In recognition of all these problems, the UK Government allocated £240 million to support the President’s recovery plan in Sierra Leone. The strengthening of health systems, as well as women’s education, health and empowerment have been high priorities. However, there are also a number of deep-rooted structural challenges that have to be faced. Next year, there will be elections in Sierra Leone and constitutional changes are proposed. I know from my visits to the Parliament there how underresourced it is and how difficult it is for MPs to act as a constituency advocates, particularly for the poorest in Sierra Leonean society. I hope that the Minister can reassure me that the strengthening of parliamentary democracy will remain a priority for the UK.

There is a specific issue on which I would be grateful for comments from the Minister. One of the main pillars of DfID support has been the Saving Lives programme, to which £150 million was pledged over five years and which focused particularly on improving the availability of reproductive, maternal, neonatal, child and adolescent health services by 2021. Several UK-based NGOs involved in these areas have flagged concerns to me about the management of that programme; about abrupt changes late in the setting of contracts; and about whether funding has been reduced and resources diverted to other areas. I hope the Minister can give me some reassurance about the programme and assurance that UK NGOs and institutions which have worked for decades in Sierra Leone will be supported by DfID in their future work.
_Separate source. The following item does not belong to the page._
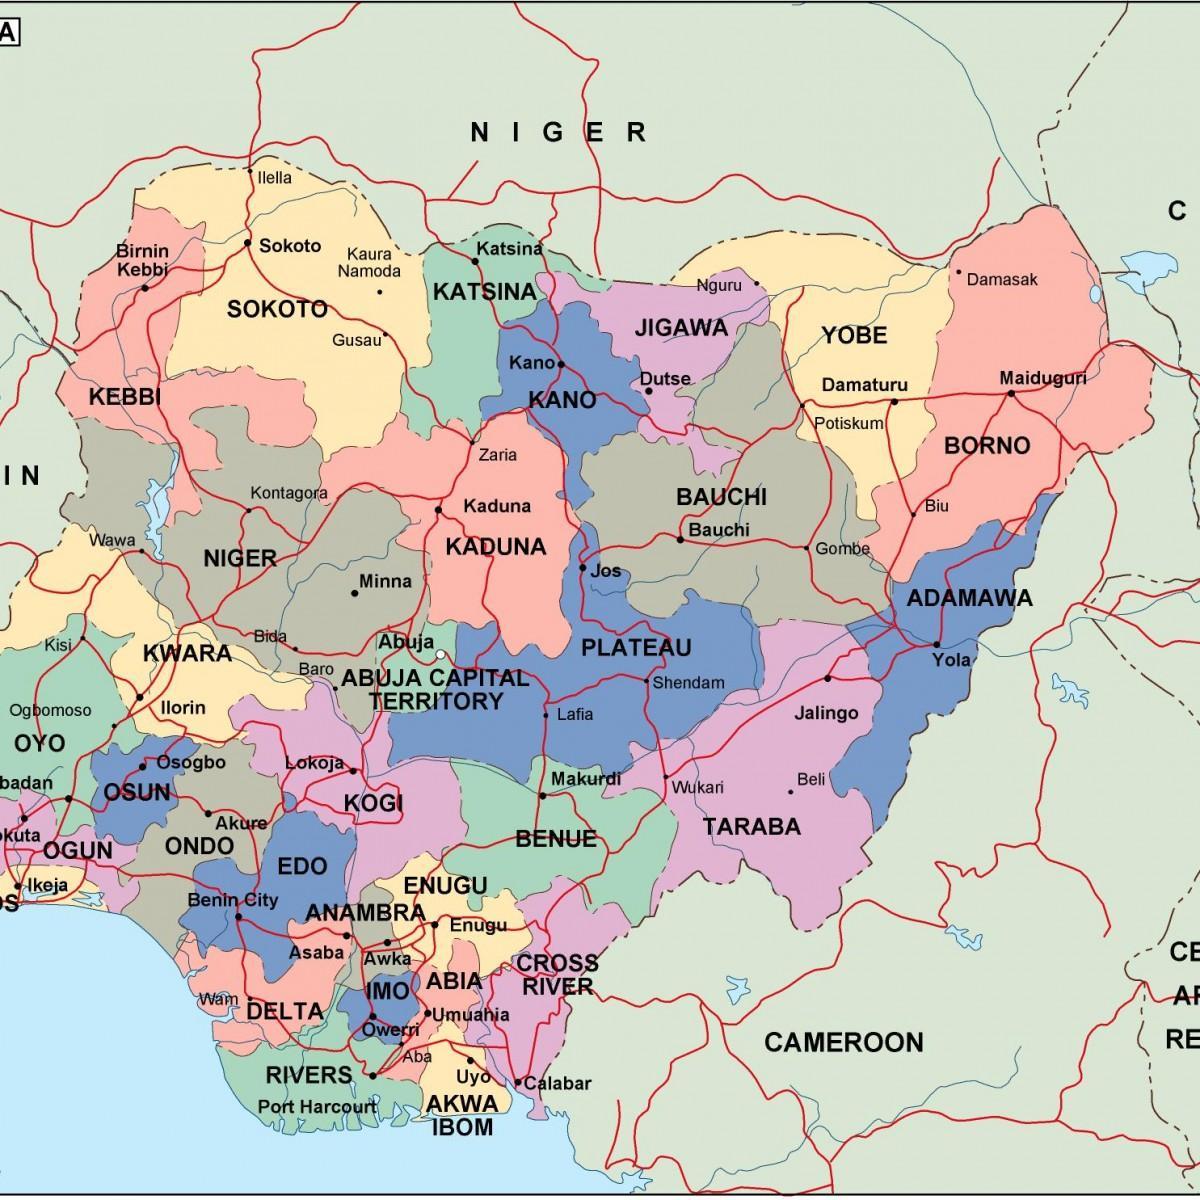 Карта Нігерії з державами і містами
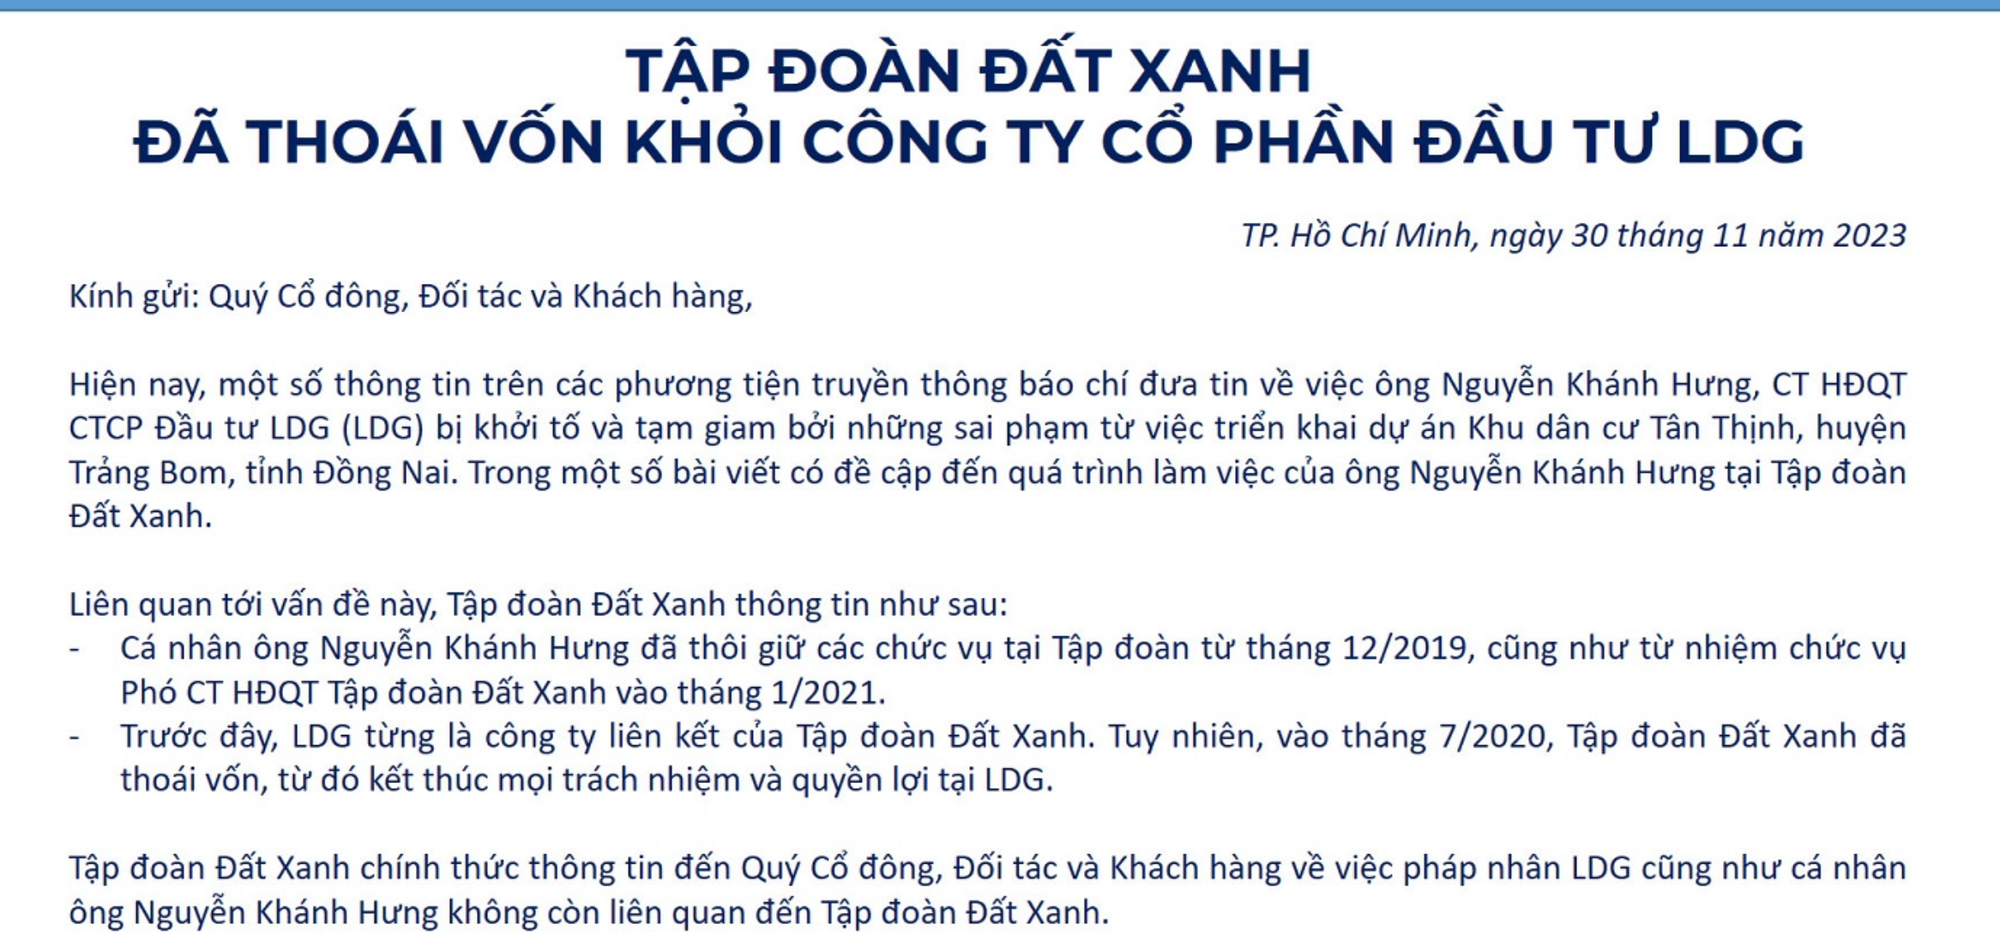 Tập đoàn Đất Xanh lên tiếng sau khi ông Nguyễn Khánh Hưng bị bắt giam - Ảnh 1.

One of the lessons from the Ebola crisis was how, in the end, the Sierra Leonean Government, international donors, NGOs and community groups worked effectively together to defeat the outbreak. In the long, hard slog ahead, not just to recover from the effects of Ebola but for Sierra Leone to become a thriving, successful, democratic country within Africa, that commitment to integrated and sustained effort will be necessary once again. I hope that our DfID representatives in the country and our high commission will take the lead in ensuring that sort of co-operation. Most of all, I hope that the Minister will be able to assure us today that Her Majesty’s Government are committed to working with the Government of Sierra Leone and other partners across a wide range of fronts: economic development and increasing the tax base; health infrastructure; water and sanitation; the empowerment of women; and, perhaps especially, the horribly high rates of FGM and what can be done to reduce them. I hope that Her Majesty’s Government will agree to commit the necessary resources to meet all those challenges, not just in the short term but for the sustained, long-term effort that will be necessary for success.